Relax. The answers to these questions are no, maybe and yes, in any order you like. And likewise, simple answers and logical reasoning can explain that pH reading of 9.2, up from 7.4 only two days ago.
In times of doubt, always remember that chemistry is consistent and predictable. It has laws, and follows them to the letter. They have not been temporarily suspended for the duration of your water test.
Therefore, the most likely cause of your suspicious test result is not mystical in nature. It's either pilot error, degraded test products or some kind of water condition such as over-chlorination that is interfering with the test.
On the other hand, it may be that your water really is out of whack.
In either case, a little understanding of the causes of error in water testing can go a long way toward a higher level of accuracy and confidence in results.
Trust, But Verify
The first thing a typical tester usually does on finding a wild result, according to Joe Sweazy, technical sales and service manager, Hach Company, Elkhart, Ind., is try to confirm the result with another tester. If it's a homeowner or service tech on a route, that person is probably headed to the water-testing lab at the pool store.
But hang on a second. There's a simple way to figure out if you did the test right. Testing companies offer "standard solutions," water samples that come from the manufacturers' own professional labs with its precise chemical makeup printed on the side of the bottle - for instance, a pH of 7.6, alkalinity of 100, a hardness of 200, CYA of 50.
Test this water exactly the same way you did your pool sample. If your result matches the manufacturer's printed result on your standard solution, then your equipment and procedures are OK, and your pool really does have a problem.
"We offer these for free so you can 'test your test kit,'" says Wayne Ivusich, sales manager for the pool and spa industry, Taylor Technologies, Sparks, Md., and a CPO instructor instructor (he teaches the teachers) with an 18-year background in the industry.

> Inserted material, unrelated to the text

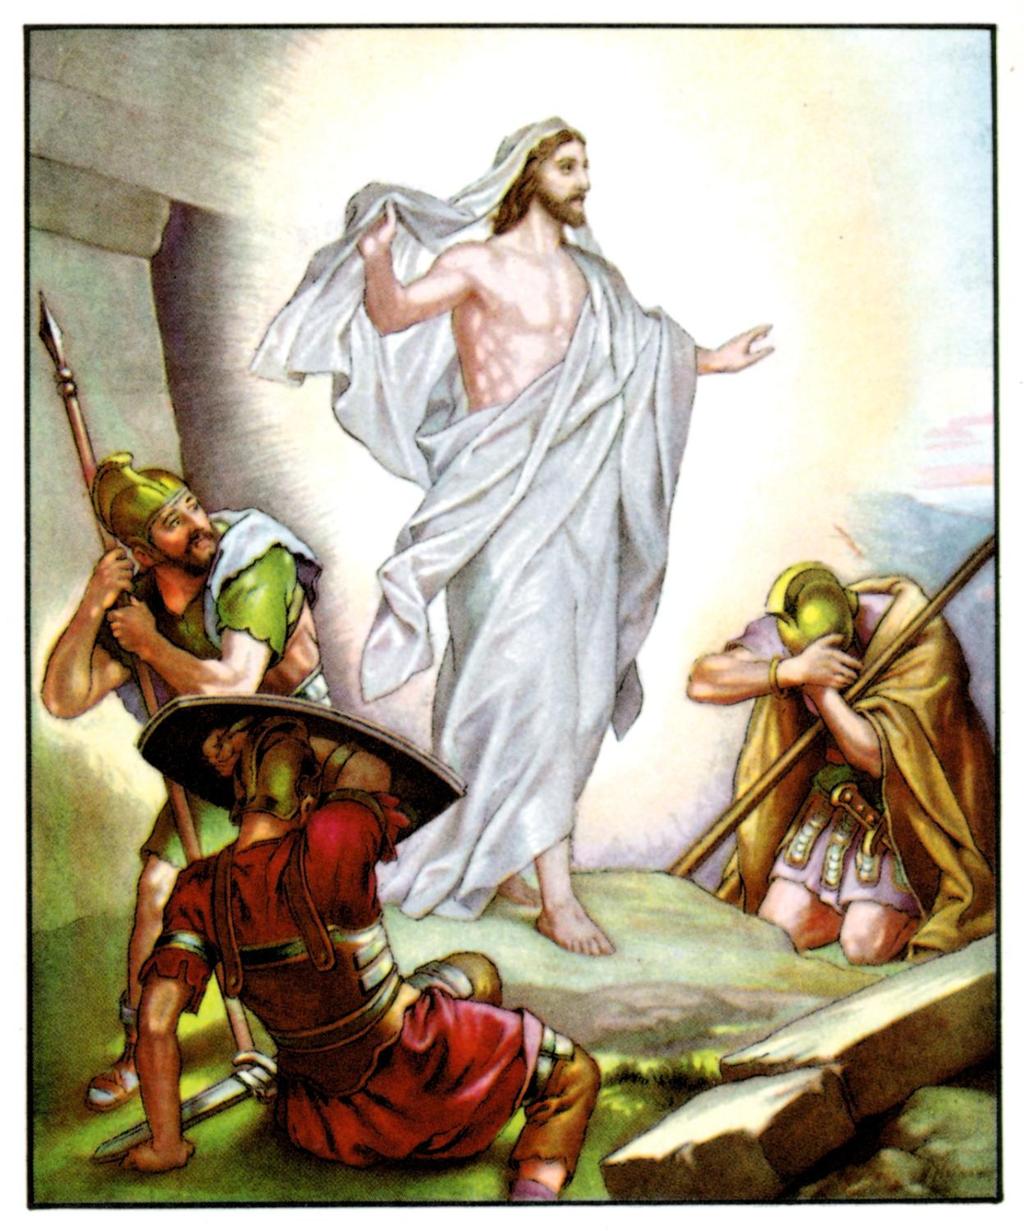 First Resurrection (Chapter 20) Before entering into this study, it is extremely important to understand exactly what the first resurrection is. Jesus was the first resurrection.

"It's a way to make sure you're doing the test right, and that your answers are good. But if you're getting a weird result - say if the standard solution is 100 ppm for alkalinity and you're getting 50, something's wrong."
Has It Come To THAT?
It's an unpleasant consideration, but it may be time to read the test instructions. Experienced pool personnel are loath to do that, says Jody O'Grady, manager, customer and technical service at Taylor. "I think the big thing I've seen over the years, is that people think they know what they're doing before they read the instructions.
"Maybe you get into a routine, where you've done the test for so long that you think you know how to do it." But instructions can very often give clues to why a result is off. The test may have changed over the years, or the user may have picked up a different brand, which uses a different procedure. Sometimes it just reinforces the deliberate step-by-step process so essential to water chemistry.
"People might say, 'I've been testing for 30-some years, I know what I'm doing.' But you can't assume anything. And that's hard for people who've been out in the field for a long time," says O'Grady.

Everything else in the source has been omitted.